> [Action item] All of the listing, from first line to last, should be output exactly; the pictures stay out.

> [Data shown]

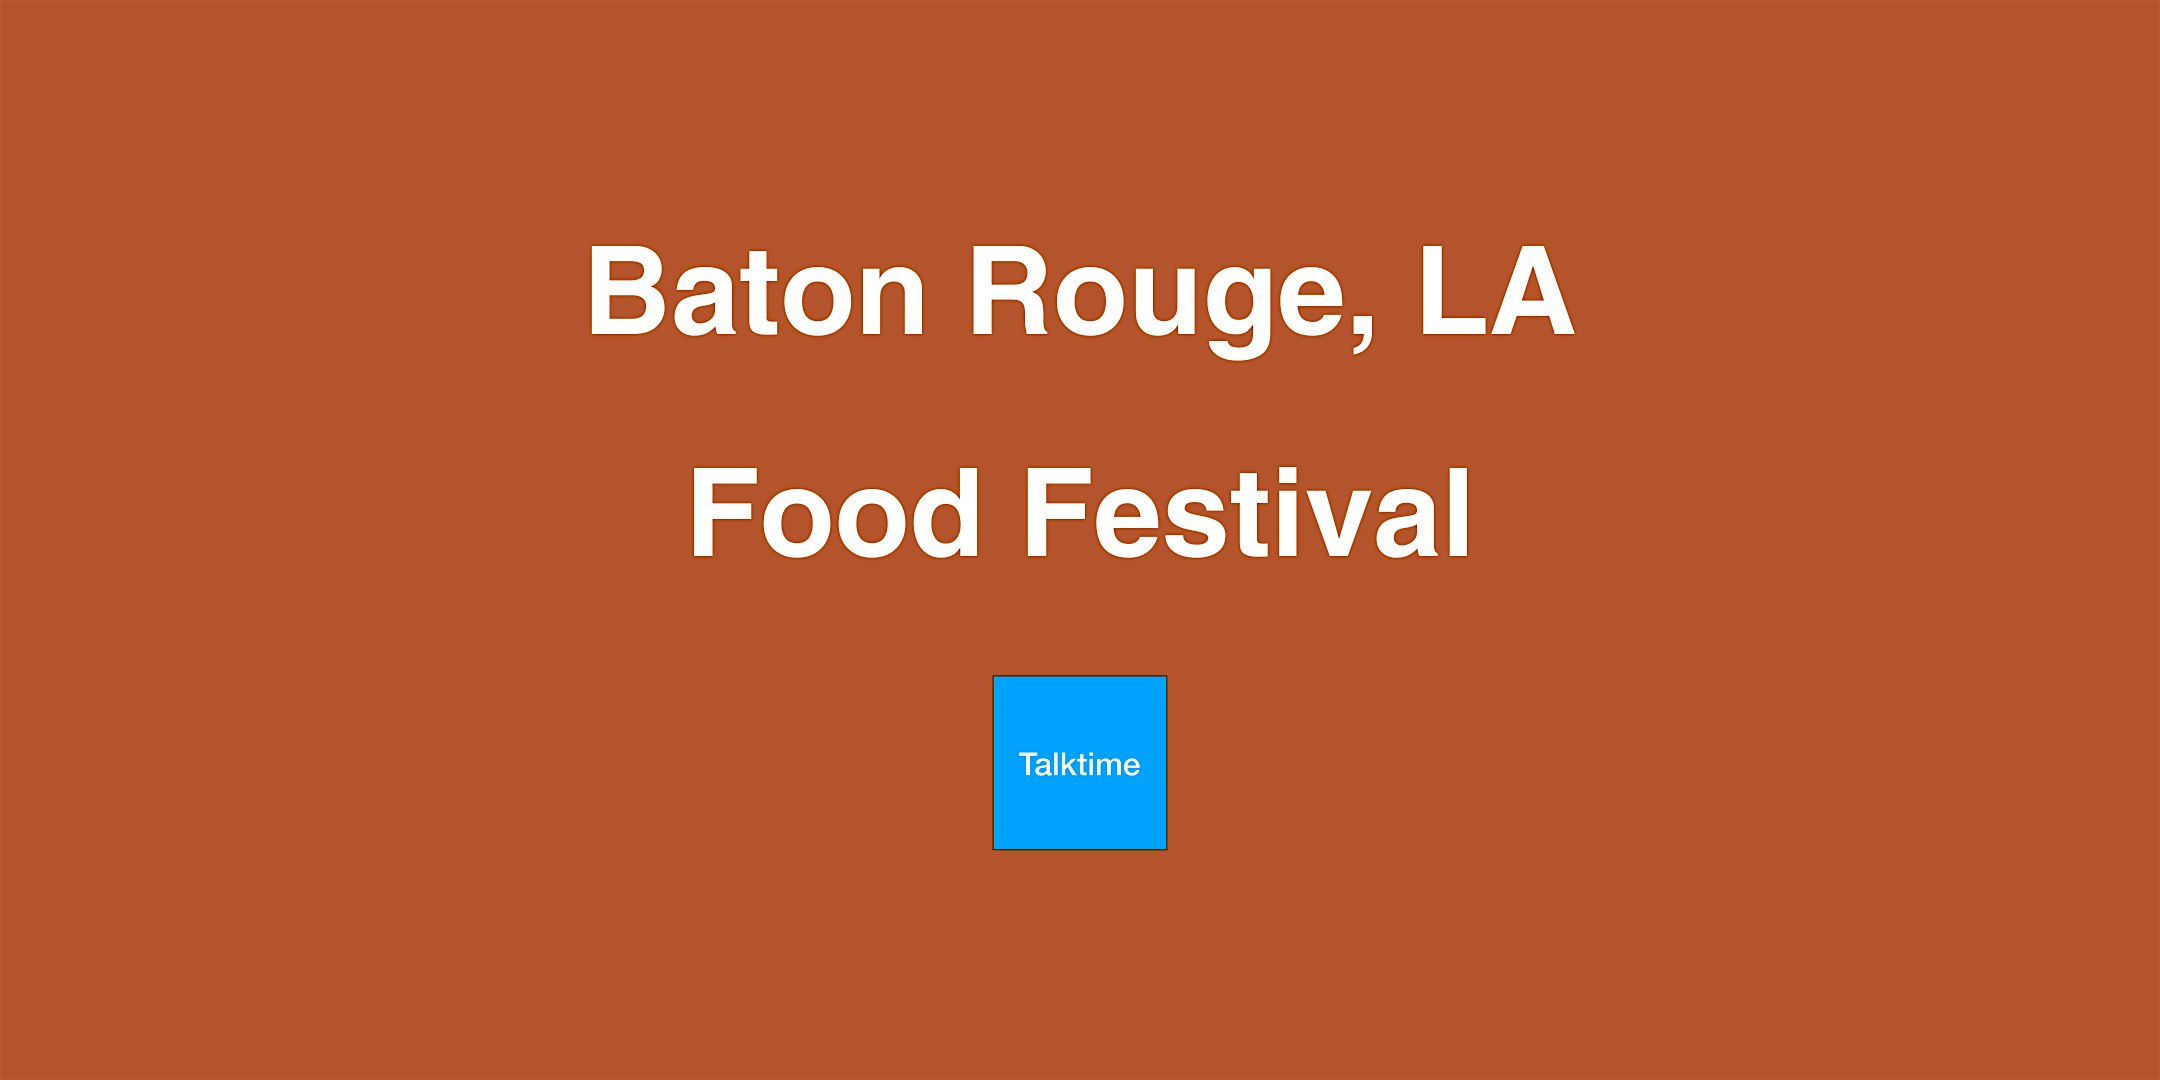 Food Festival - Baton Rouge
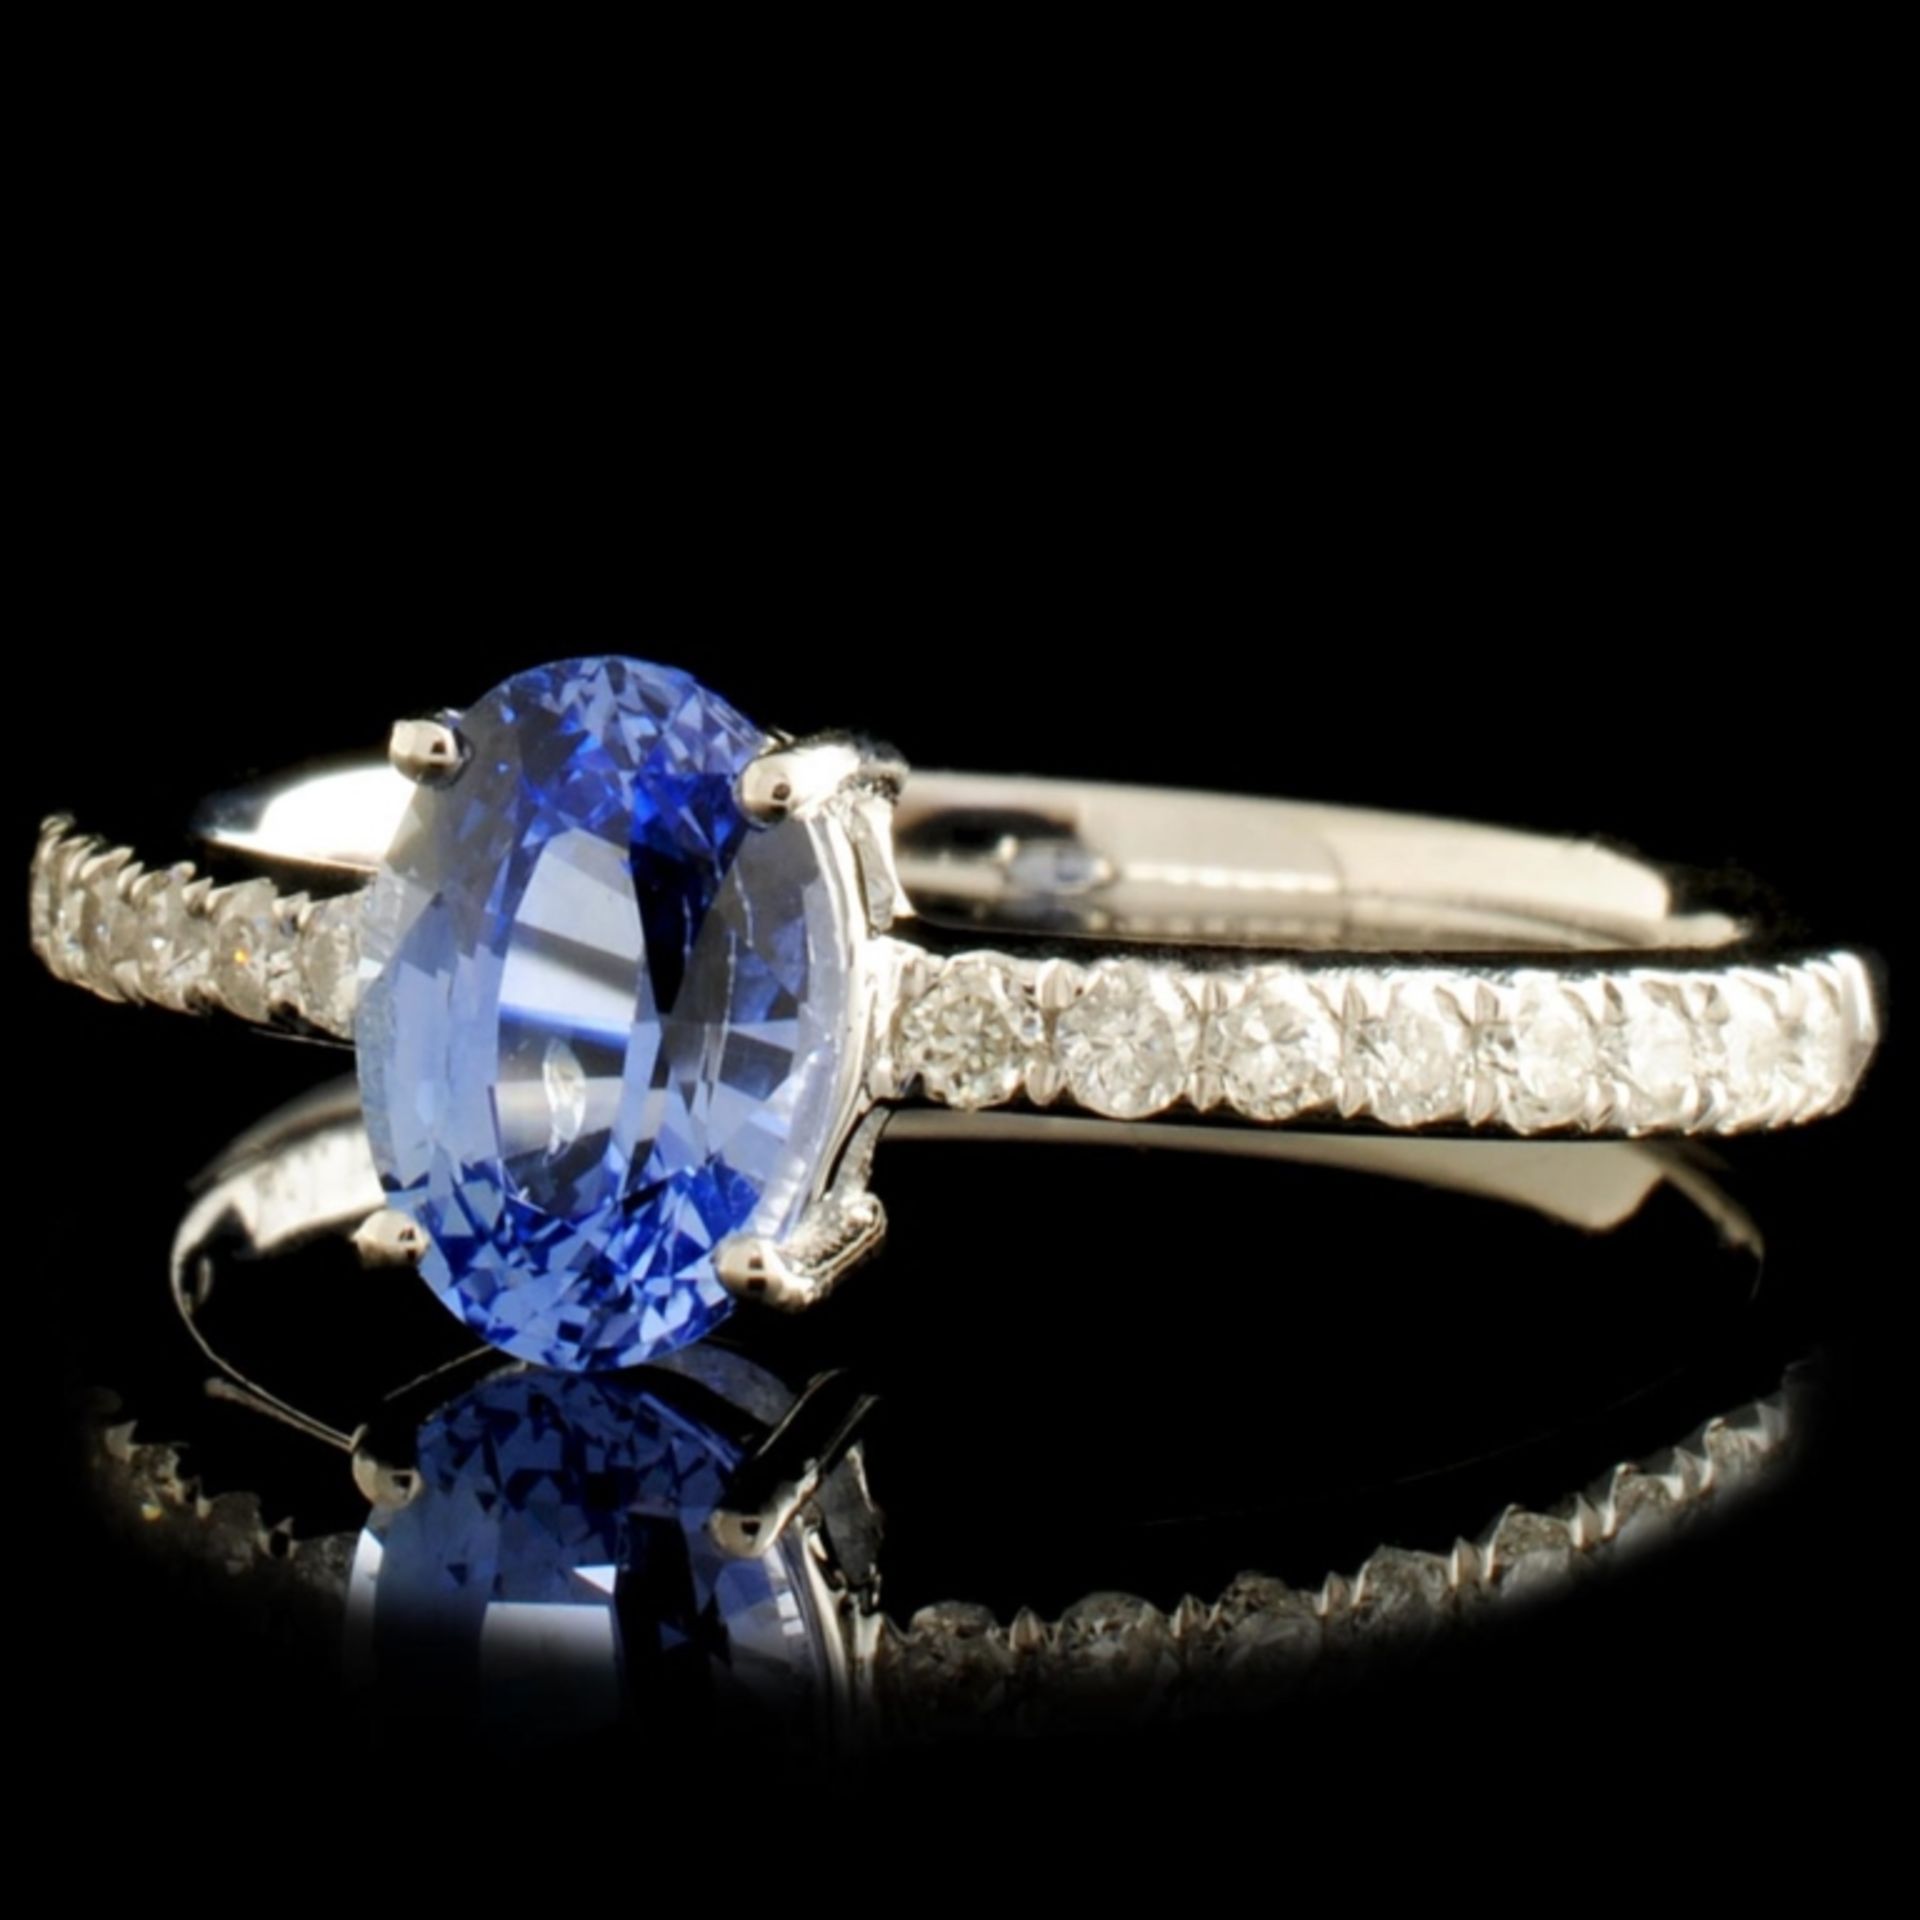 14K Gold 1.12ct Sapphire & 0.21ctw Diamond Ring - Image 2 of 5
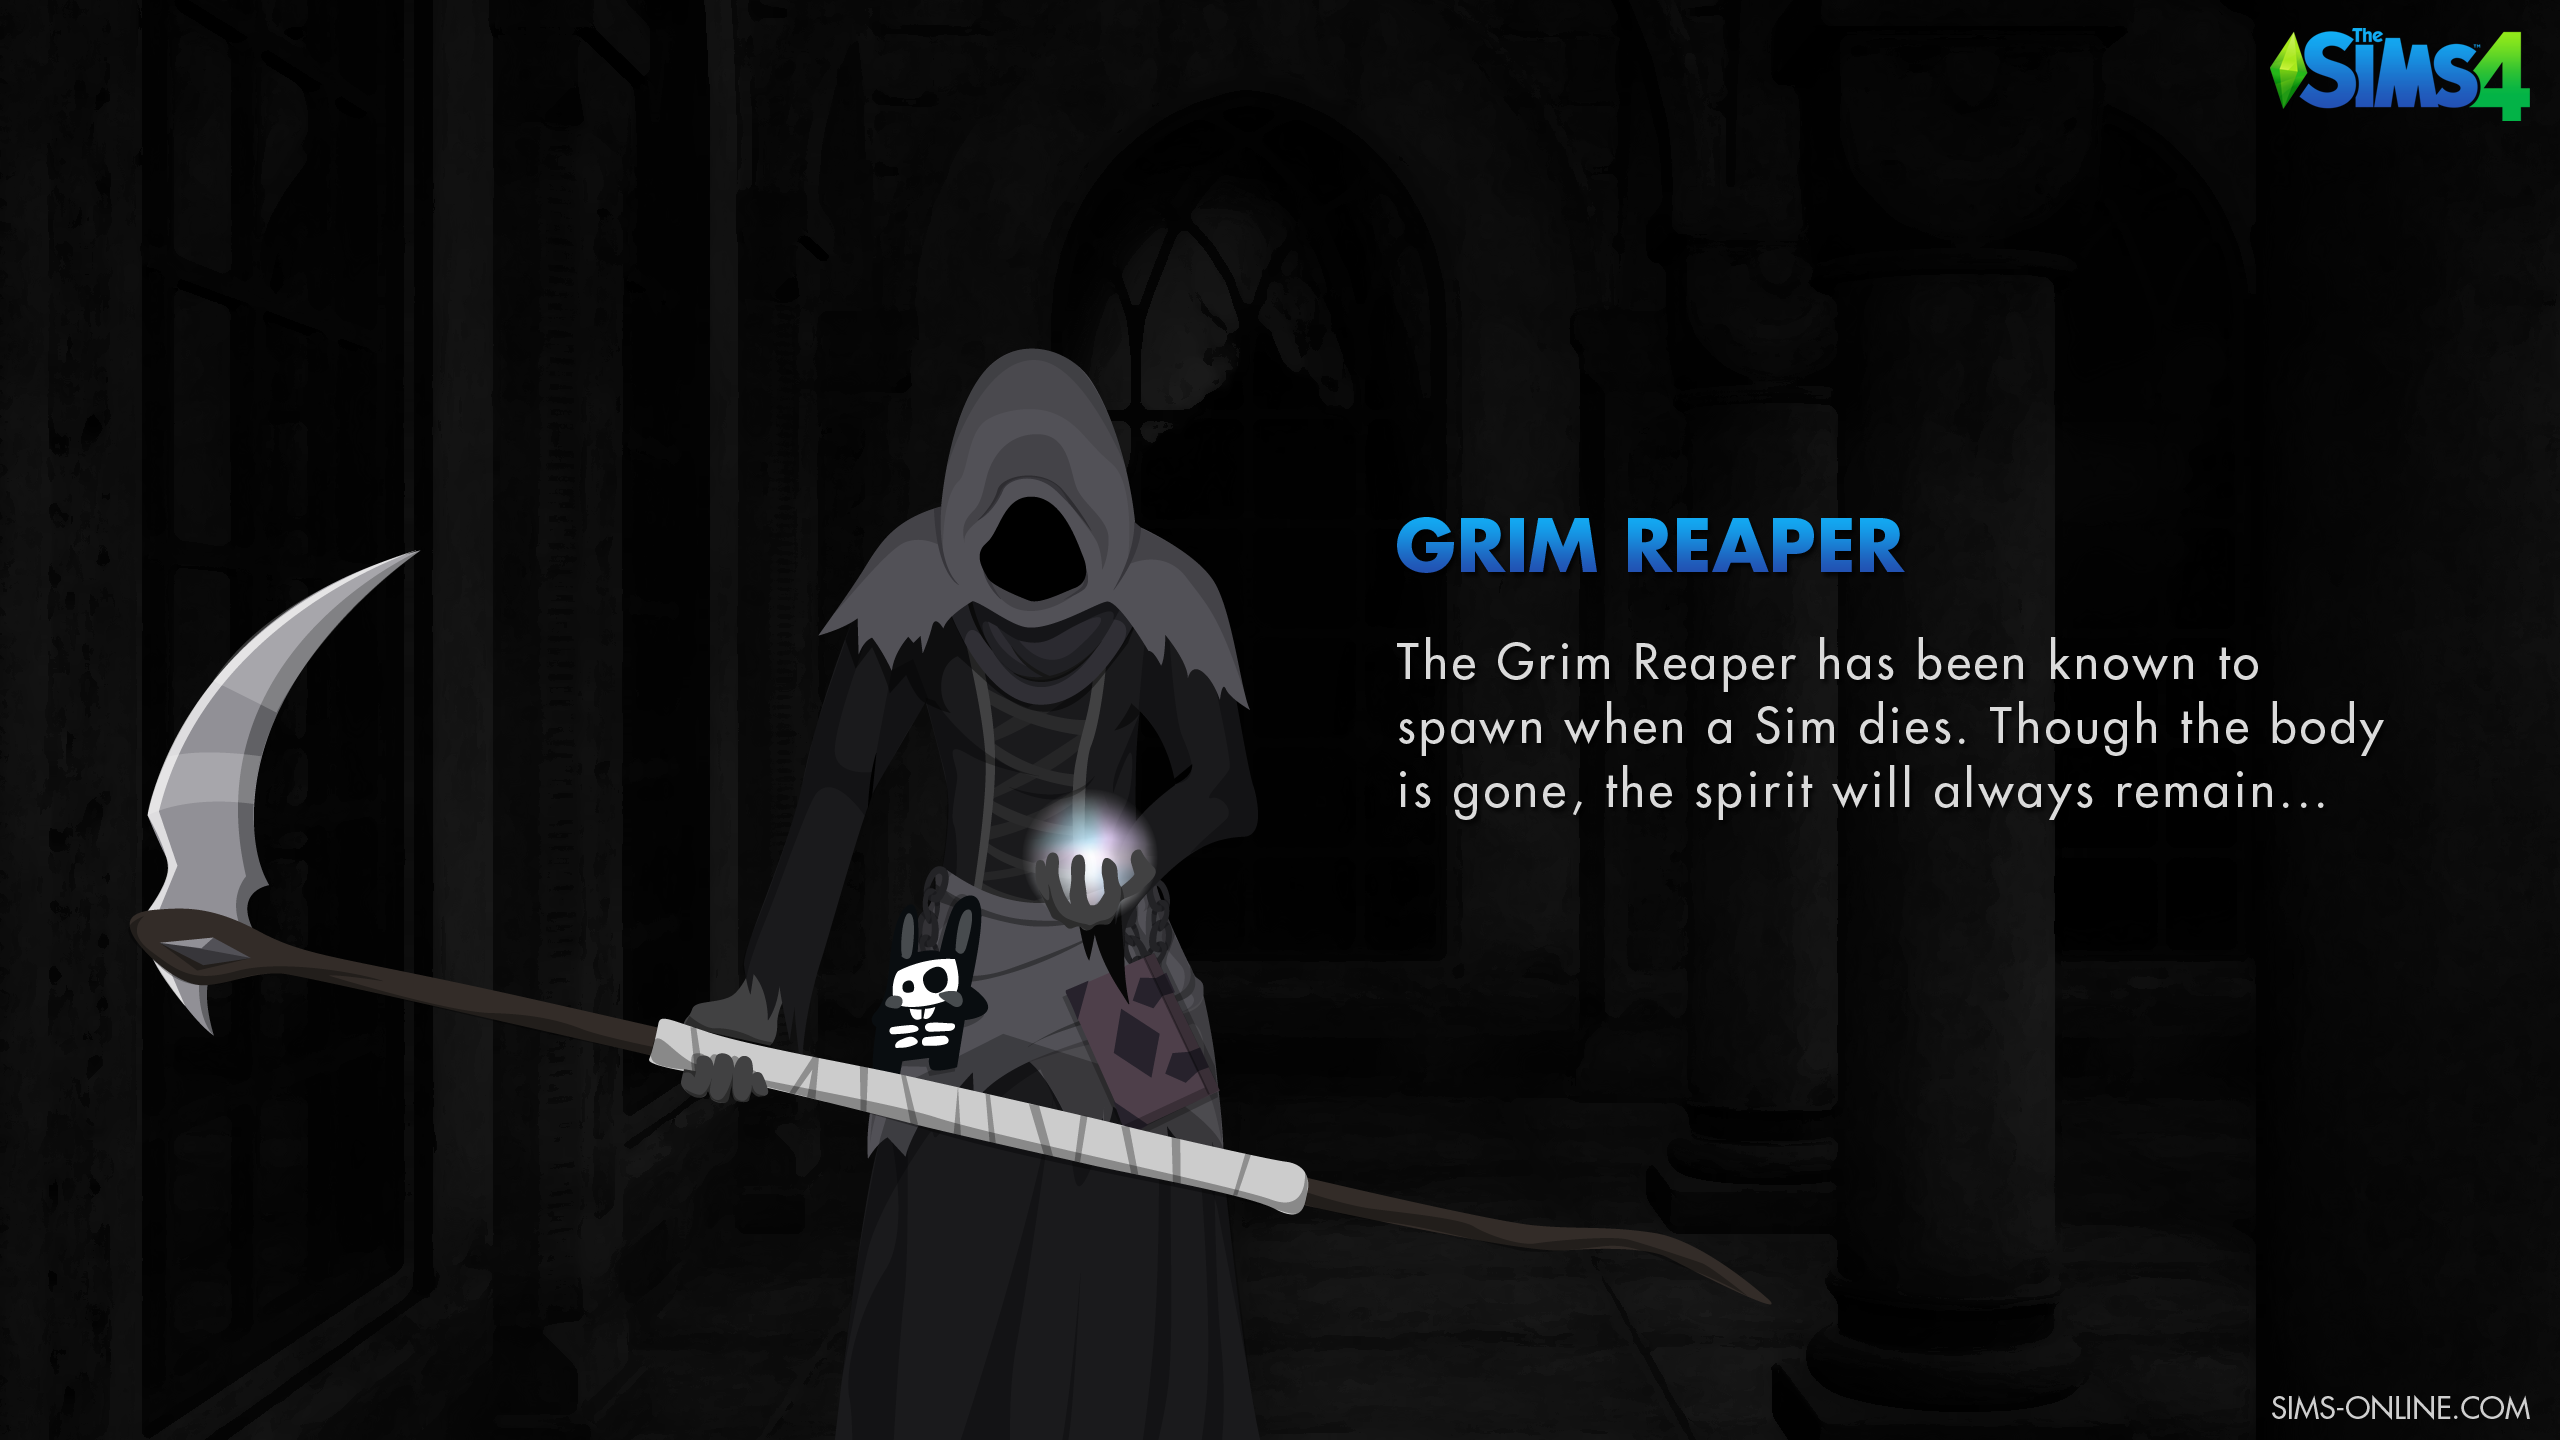 The Sims Grim Reaper Wallpaper Online

> [Response box]
 Food Festival - Baton Rouge
 14K Gold 1.12ct Sapphire & 0.21ctw Diamond Ring - Image 2 of 5
 The Sims Grim Reaper Wallpaper Online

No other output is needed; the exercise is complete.